May 12, 2023May 12, 2023

À partir des années 1940, Bill Hugle et Frances Sarnat Hugle ont fondé des entreprises technologiques qui les ont entraînés de plus en plus dans le secteur des semi-conducteurs. Ensemble, ils ont lancé le développement d'encodeurs optiques de précision, fondé les fabricants de semi-conducteurs Siliconix et Stewart-Warner Microcircuits et développé des équipements de fabrication de semi-conducteurs sur les côtes est et ouest des États-Unis. En cours de route, le couple a enduré de nombreux revers commerciaux et suffisamment d'intrigues juridiques et politiques pour remplir plusieurs vies, mais leur histoire est essentiellement inédite.

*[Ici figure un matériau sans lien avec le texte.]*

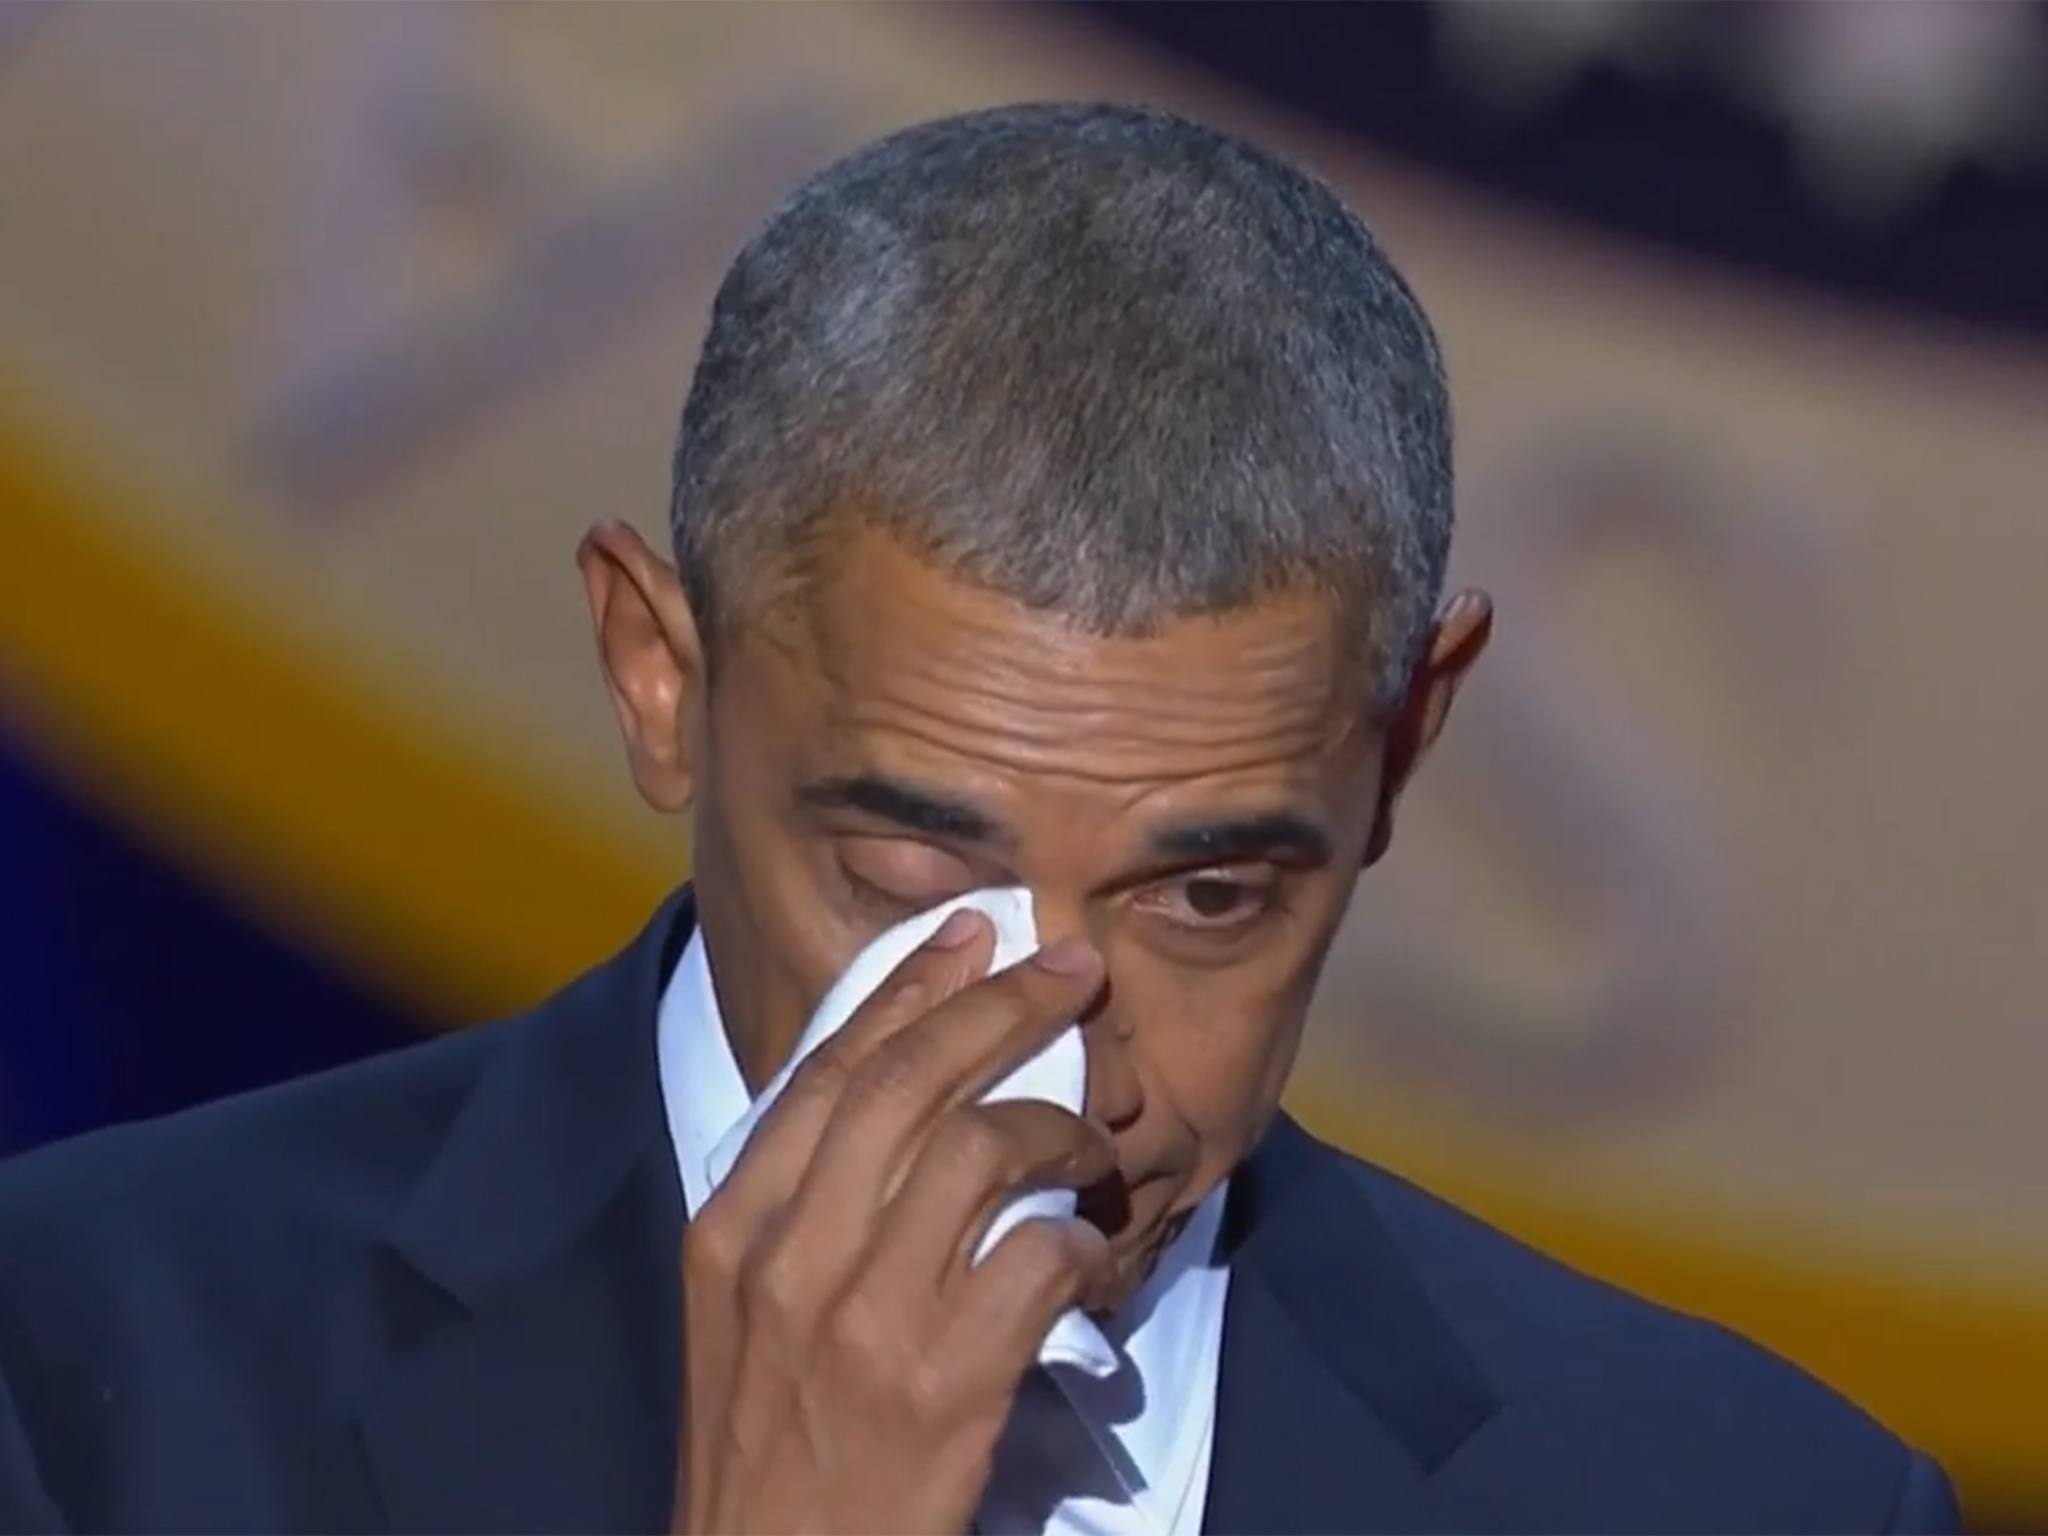 obama-cxrying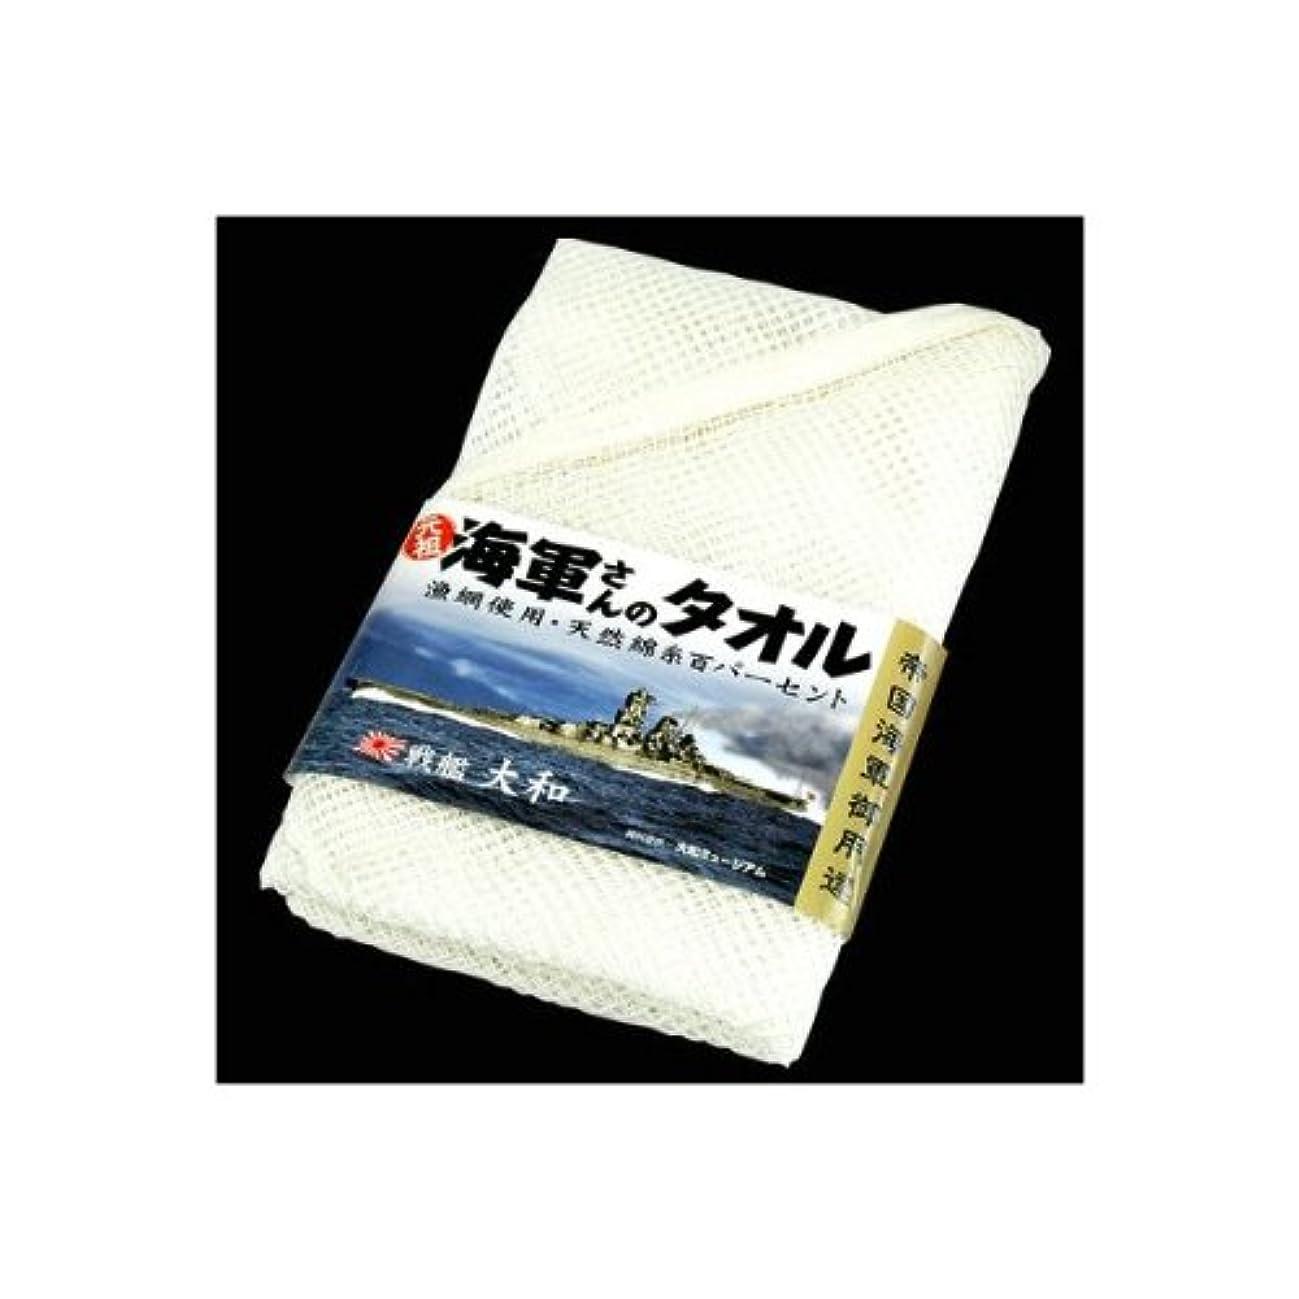 漁網タオル【元祖 海軍さんのタオル(ホワイト)】

Jusqu'ici.

Si vous regardez le célèbre tableau des premiers fabricants de semi-conducteurs créé par Don Hoefler pour SEMI, connu à l'origine sous le nom de Semiconductor Equipment and Materials Institute, vous remarquerez deux valeurs aberrantes au début de l'histoire de la fabrication de transistors et de circuits intégrés. (Hoefler a inventé le terme "Silicon Valley" lorsqu'il a écrit une série d'articles en plusieurs parties pour Electronic News en 1971 intitulée "Silicon Valley USA".) Ces deux valeurs aberrantes dans la fabrication de semi-conducteurs sont Siliconix et Stewart-Warner Microcircuits. Sur le graphique de Hoefler, ces sociétés semblent apparaître de nulle part au lieu de se séparer de Fairchild Semiconductor, comme l'ont fait 24 autres sociétés de semi-conducteurs sur le graphique. Cependant, ces deux fabricants de semi-conducteurs ne sont pas apparus de nulle part. Ils existent à cause d'un univers de fabrication de puces parallèle, un où Fairchild n'a pas joué un rôle aussi important dans leur création.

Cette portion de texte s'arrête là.